I drank the 2010 Yung Chun Bing Dao and 2016 Yunnan Sourcing Bing Dao Lao Zhai before and after this cake to compare them and then put them all in an overnight steeping. 

The overnight steeping of the 2010 Yong Chun is the most interesting, the leaves are a bit darker and much more tightly rolled and traditionally processed than the other two.  It is more processed in the older school factory style and you can see some chopped leaves in the mix as well.  There is still some delicious tropical fruity nuances that play out here with a long sweet creaminess and forest vegetal with a long cooling pineapple and creamy sweet aftertaste.  There is still a bunch of bitterness that presents as dark coco and adds a lot of depth.  I guess I steep the other two out for much longer so there is much less but this to me at least speaks to the durability of the 2010 Yong Chun which had a significantly more bitter and astringent profile.  I like this one but its just not “Bing Dao” enough for me to pay the premium on this one but it serves as a great counterpoint to the other modern produced bingdao compared here.

This 2011 Bingdao Refining Co.
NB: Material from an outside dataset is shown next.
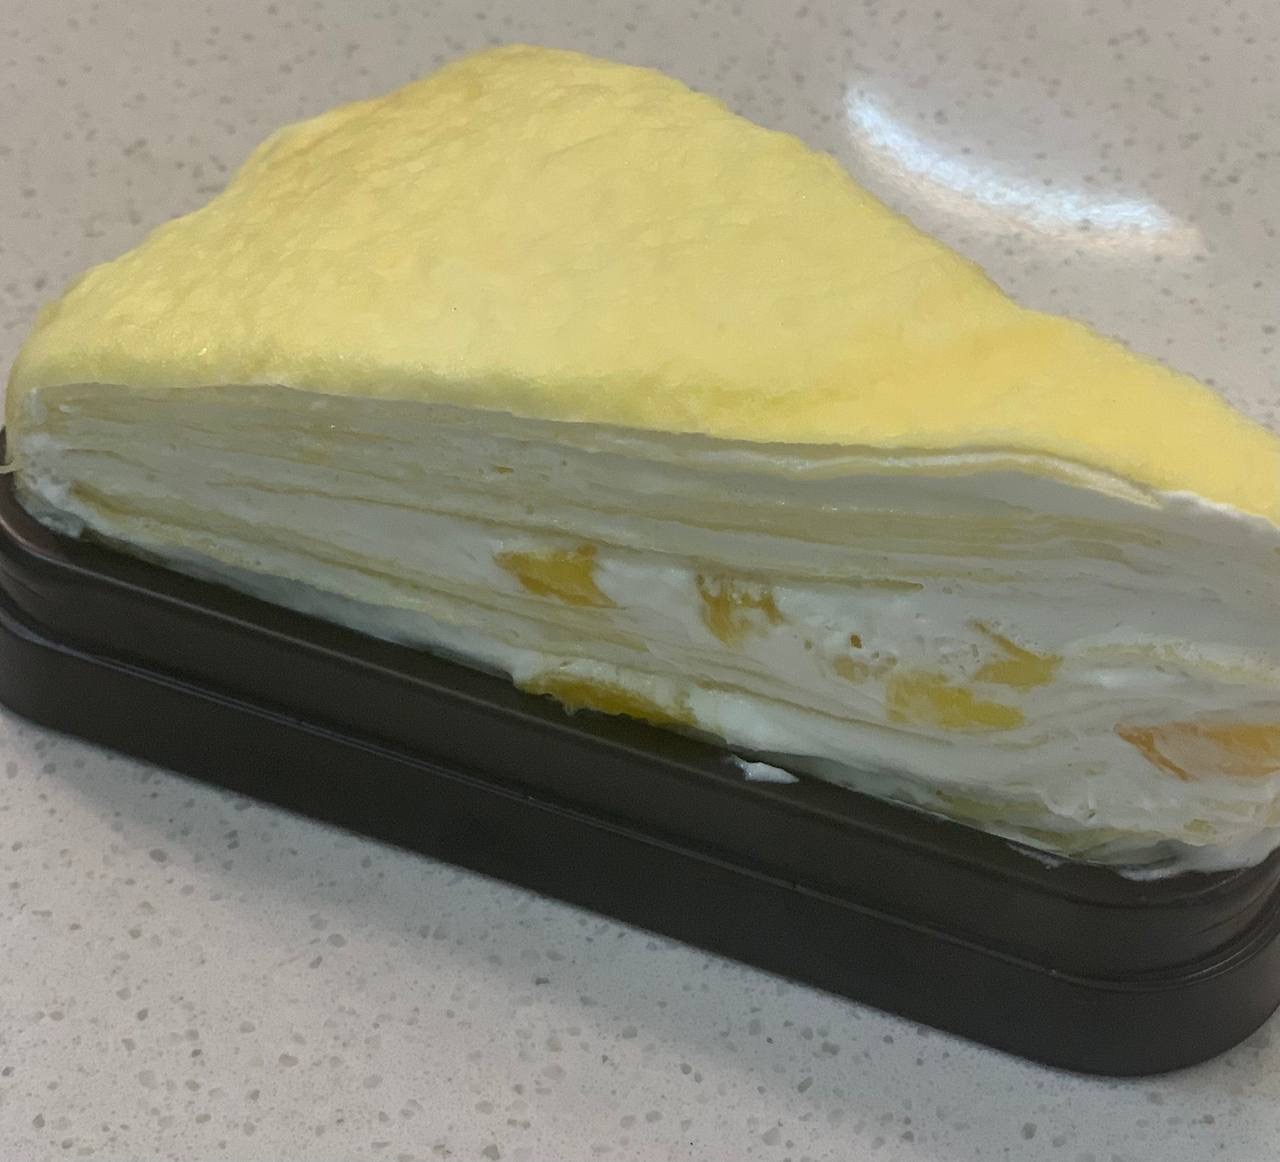 52.Durian Melaleuca Cake

Bing Dao was mainly mineral, alkaline, forest almost stone like,  it still has a nice thickness to the mouthfeel though and some coolness and very very almost not there sweetness.

The 2016 Yunnan Sourcing Lao Zhai Bing Dao is the least exciting of the bunch with a more flat in taste with a somewhat fruity finish.  The mouthfeel is chalkier here and nice mango fruit can be found in there.  The leaves for this one are much larger than the other two and much looser compression is obvious with a more typical gushu presentation with long stems on the leaves.
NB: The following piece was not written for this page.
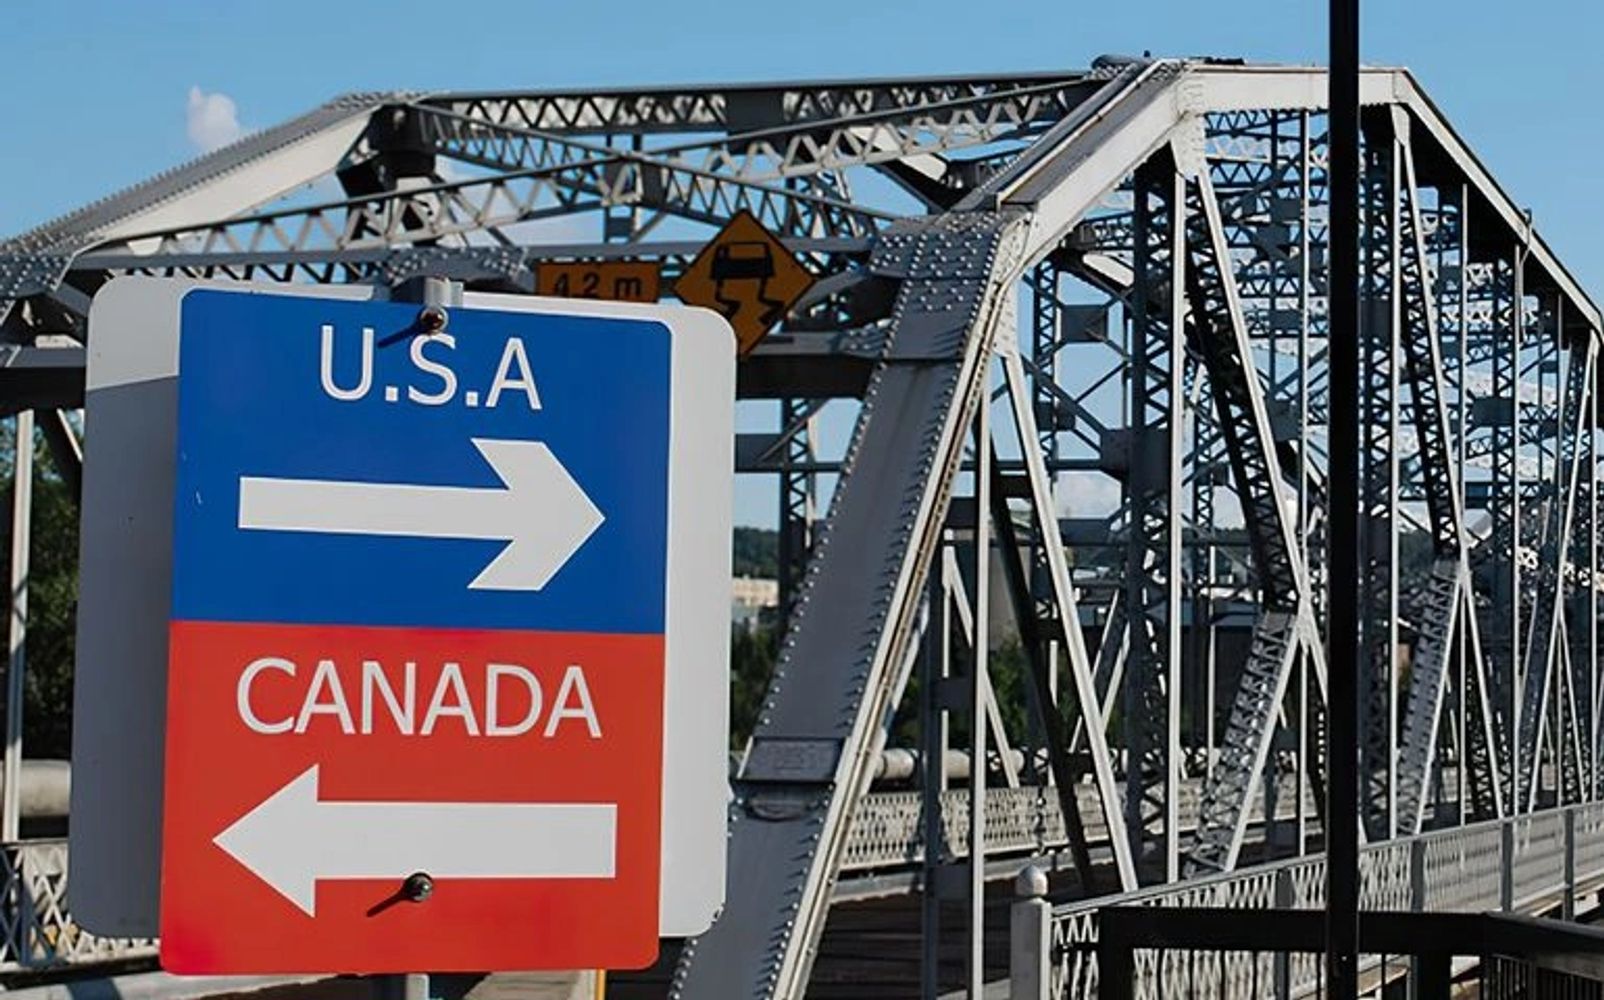 Canada U.S.A Bridge. Customs

In a general sense you can compare them this way:

For me the classic Bing Dao profile which is of good quality has the following: Long obvious coolness throughout profile and often comes at start of profile not just at the returning sweetness, Light everescent fruit creamy sweetness, thickness of taste and a subtle vegetal forest mineral base, some mild coco like bitterness and a bit of astringency that comes out with aging, and a pronounced Stoner Qi effect.
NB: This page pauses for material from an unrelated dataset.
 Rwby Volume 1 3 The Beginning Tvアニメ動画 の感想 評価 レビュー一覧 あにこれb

This tea basically has all these qualities for me the thickness and Qi are particularity strong and they are also what I value most.

And so this is the one that I ended up caking out of the group of samples ….

Yummy…

(Ended up drinking up the last of these samples a few weeks before publishing this old post and the 2010 Yong Chun is aging much better in taste than the 2011 Refining Co but it still is not Bing Dao enough for me to consider purchase at that price.)

*I think this is the last of these Tea Urchin posts until I dig and find some more*

Peace

 

2 comments:

shah8 said...

I have better northern tea than the 2011 Bingdao Tea Refining, and if one is willing to pay around twice as much (all of them recently made tea) as the 2011, there are bingdao-ish teas I would much rather prefer. Note that even in 2011, that price is too cheap for good actual Bingdao. The 2009/10 Mengdai Bingdao that TU once sold are clearly better teas and were about a third again as much.

While Bingdao Tea Refining Company is noted, the proverbial ChenShenHao of Bindao is JinQiao brand, which Tea Urchin also sells...like https://teaurchin.com/collections/puer/products/mengku-najiao-2012

Matt said...

Shah8,

Looks like Tea Urchin just did a 10% increase for all their puerh rather than adjusting by area which would have seen steeper increases for some areas.

That Mengdai Bingdao sold out fast and was quite popular but I never had a chance to try it. 2008/2009 Bingdao that I have tried are most certainly better than later years when popularity caught up with the region. I hoped to sample the 2008 Shuanglong Bingdao that the Essence of Tea offered but didn’t line up the purchase on time.